15 - hobby shop




Dave tells me he’s found a way that we can drive cars, even though we are still years too young to get our driver’s licenses.
This is a big mystery to me. So I’m willing to go along with him, even though he won’t tell me where we’re going or how we can make it happen.
He says he’ll show me.
So far I have managed to drive my uncle’s car twice – once even with permission that time he let me drive up and down the driveway, which only made me ache for more.
Our age is a torture – look but don’t touch – enough to turn anyone into a car thief, not that I need more than a little push in that direction, though that one night when I drove it out our driveway, and down Lakeview Avenue, and over the Parkway Bridge, and then to the on ramp behind School No. 11 to Route 46 made my uncle so angry (angrier even than the Fourth of July rocket) I know better than to try it again.
My uncle didn’t call the police on me that time. The cops caught me on their own, saying I looked too small behind the wheel, though I think my traveling down the highway at a hundred might have given me away.
When I ask Dave where we are going, he won’t tell me that either.
“You’ll see,” he says as we hop on our bicycles and head down the Lakeview Avenue hill towards Passaic – not to Passaic – down the way the Number 3 bus goes when it heads in that direction from my house on the top of the hill at Crooks Avenue, passed St. Brendan’s Church, the convent, the school yard playground that serves as a parking lot on Sunday,  passed Weiss’ Foodtown, and the real estate/insurance office, and then the Parkway overpass over which Dave and I got caught throwing matches although neither of us is sure which of us did it and so blamed each other, and then passed the gas station on the right on the corner of Fifth Street and the string of stores on the other side that changes what kind of store they are from month to month, once a fancy knickknack shop, then a fabric shop, but now empty with a sign in its window saying: for lease – with a corner bar on this side where Sixth Street intersects with Lakeview, while on the other side, there is the office of a contractor with a corner parking lot, and a fenced in area about that just as the street rises and just below the basement wall of the first house in on Sixth, where a large German shepherd runs from one side to the other, barking and growling, a beast nearly as old as I am, but still mean, still scaring me from the time when my best friend was Stephen and I had to turn there to climb that hill to go see him and the dog would lunge at the cyclone fence, jaws trying to work through the narrow opening to get at me.

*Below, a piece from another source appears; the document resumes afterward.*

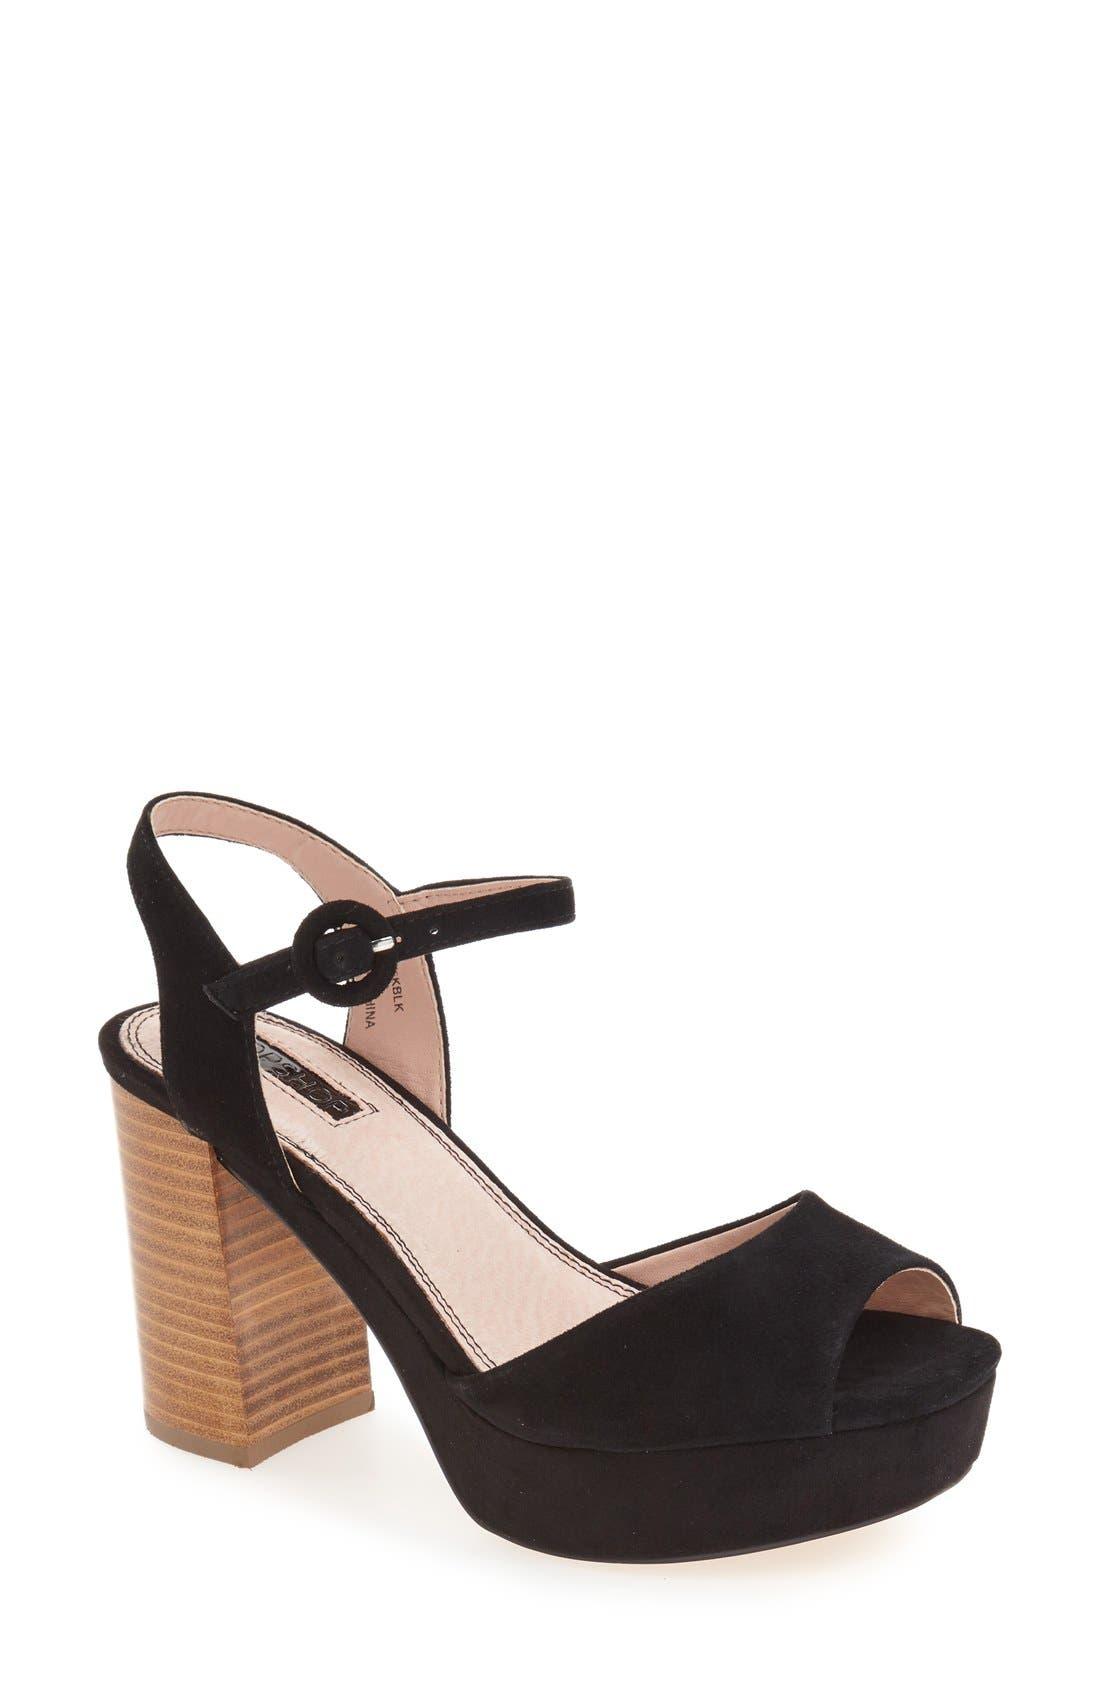 Alternate Image 1 Selected - Topshop 'Lana' Chunky Platform Sandal (Women)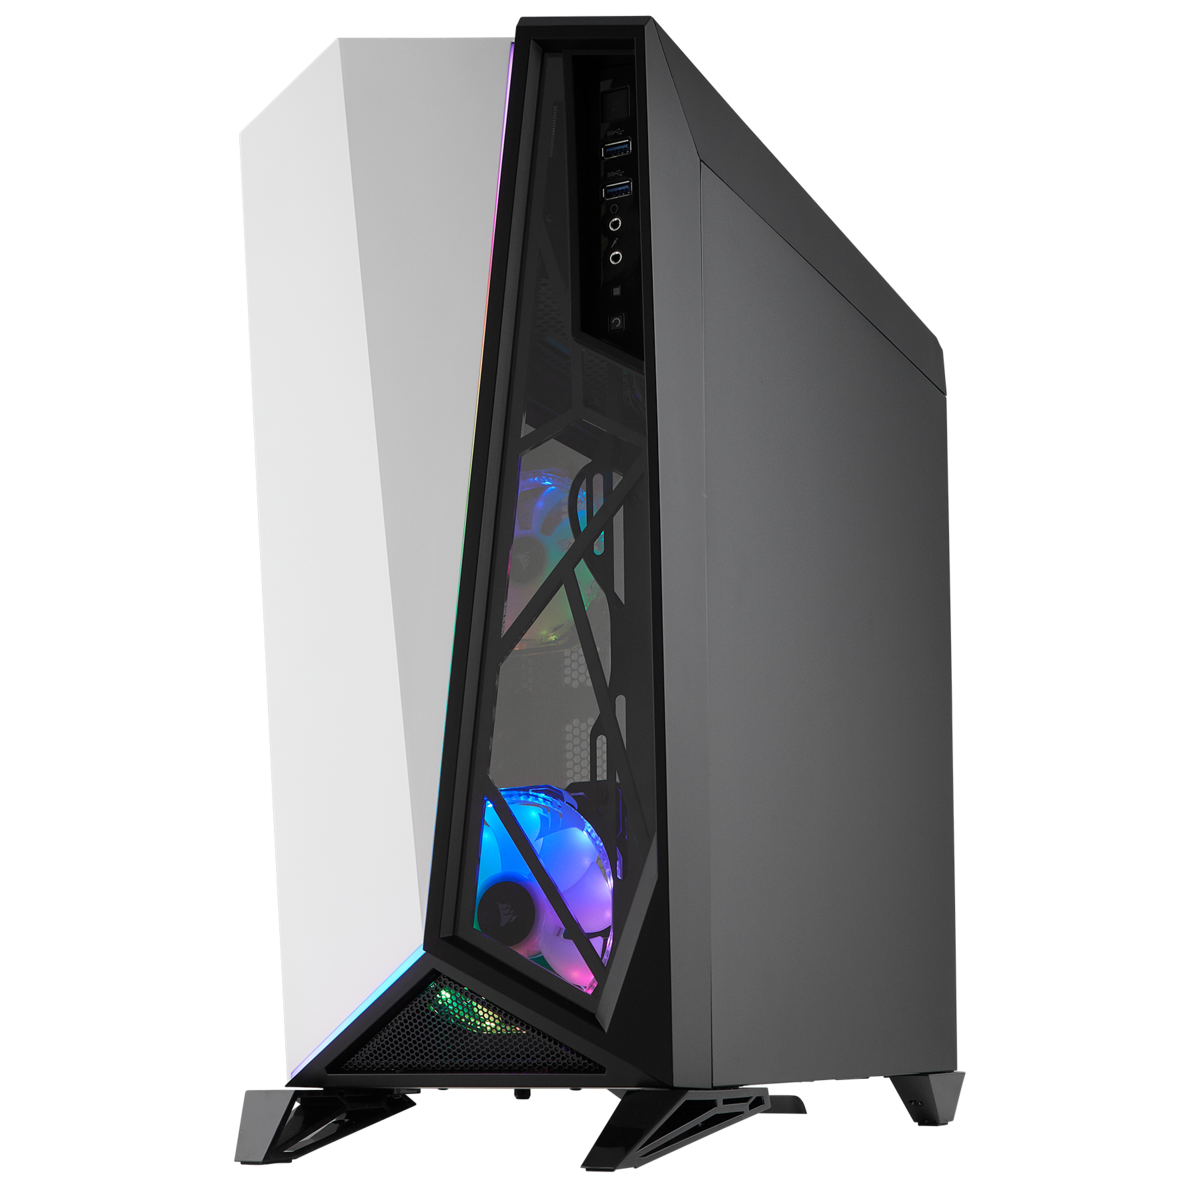 SPEC OMEGA WHITE RGB - CORSAIR

I don’t know where we will find a car at the end of this unless we steal one, which I won’t, having learned from the cops the first time that the next time I’ll go to jail if I do.
Then I think this is an elaborate joke, only Dave’s not that funny, he only thinks he is, and he tells stupid jokes, nothing anywhere near as clever at this.
By the time we passed School No. 11 and the old German bakery my grandmother always sends me to in order to get the bread she remembers her mother baking back when they both lived over in the German section of Little Ferry as a young girl, then under the Route 46 overpass, I begin to think Dave may have lost his mind; we’re not liked down at this end of Lakeview Avenue, especially at the sweetshop a half block up from the overpass where the kids from the Junior High hang out. We even pass Old Doc Wallace’s place just beyond Piaget Avenue, convenient if any of the junior high kids catch us and we need Doc to fix us up afterwards.